Dans un article publié sur la Danse Macabre de Kermaria, M. Gaultier du Mottay constate que les strophes qui accompagnent ces peintures murales sont la reproduction textuelle du poème intitulé la Grande Danse Macabre, imprimé à Troyes en 1486. On doit en conclure que la décoration intérieure de la chapelle fut exécutée à la fin du XVème siècle, époque contemporaine des personnages représentés dans la peinture du transept.

Il suffit de ces débris mutilés pour reconstituer par la pensée l'aspect intérieur de Kermaria et pour comprendre toute la richesse de son ancienne ornementation [Note : Au XVème siècle, le chœur de Kermaria était clos par un jubé en bois sculpté et doré qui fut détruit à la Révolution, en même temps que la tombe seigneuriale. On conserve dans le transept un retable d'albâtre du XVIème siècle divisé en cinq parties : 1° l'Annonciation ; 2° le couronnement de la Vierge ; 3° l'Adoration des Mages ; 4° la Vierge entourée d'anges, et devant elle un homme agenouillé qui lui offre une ceinture ; 5° la mise au tombeau, à demi brisée]. Actuellement encore, malgré les remaniements déplorables opérés au XVIIIème siècle et les outrages qu'elle subit sans relâche de nos jours, cette vénérable chapelle attire l'attention des artistes et des gens de goût qui savent apprécier les beautés de notre architecture nationale. A notre époque, où l'art religieux ne sait plus rien créer, le premier devoir serait, ce nous semble, de respecter et de conserver, au point de vue archéologique, des monuments qui font partie de notre gloire et abritent encore sous leurs murs tant de souvenirs historiques ! Selon nous, le moyen le plus efficace pour atteindre ce but serait la création de cours d'archéologie sacrée dans les séminaires de chaque diocèse, car c'est de l'ignorance que vient tout le mal. Aussi voyons-nous constamment ceux-là même qui ont le plus d'intérêt à la conservation et au salut de nos anciennes églises en demander les premiers la démolition, souvent pour attacher leur nom à une édification nouvelle, sans style et sans souvenirs.
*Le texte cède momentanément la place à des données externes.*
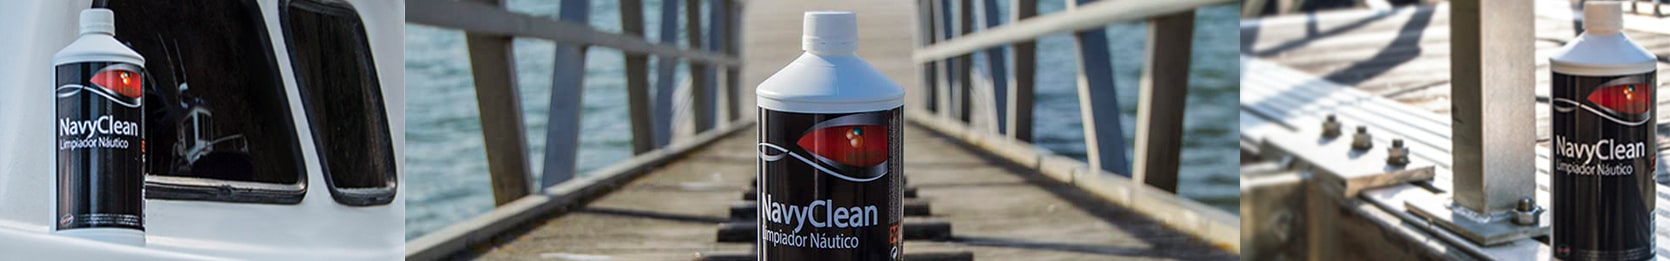 Sisbrill NavyClean limpiador náutico aplicado sobre casco de barco con fondo marítimo.
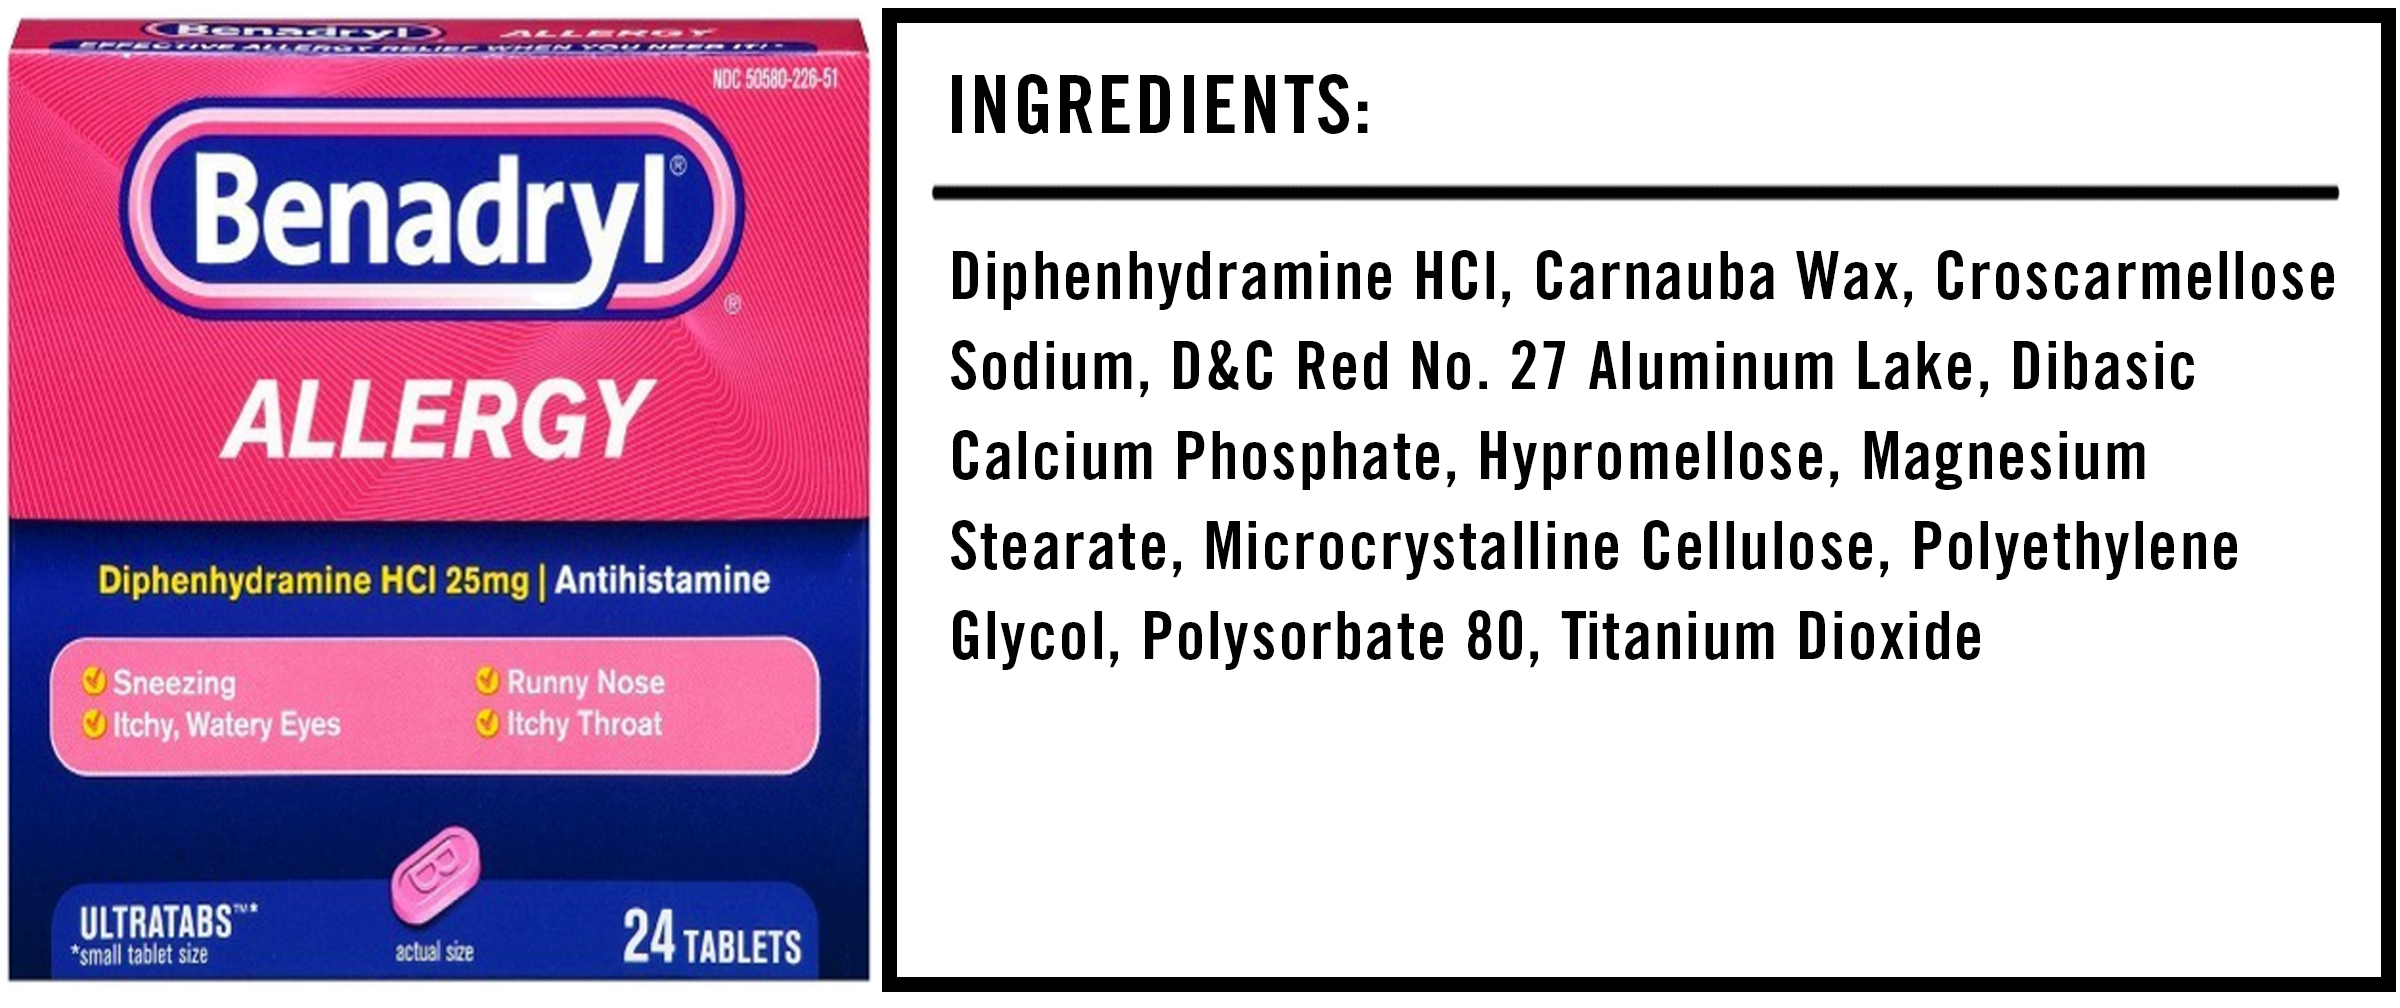 Benadryl Ingredients

C'est ainsi que disparaissent chaque année, dans nos campagnes, un grand nombre d'édifices religieux, pour faire place à des constructions banales qui affectent toutes la même forme. Tel sera peut-être le sort de Kermaria !

Mais nous voulons encore espérer qu'elle sera épargnée et que le voeu du conseil général, qui en a demandé le classement comme monument historique, sera un jour exaucé. (Paul Chardin, 1886).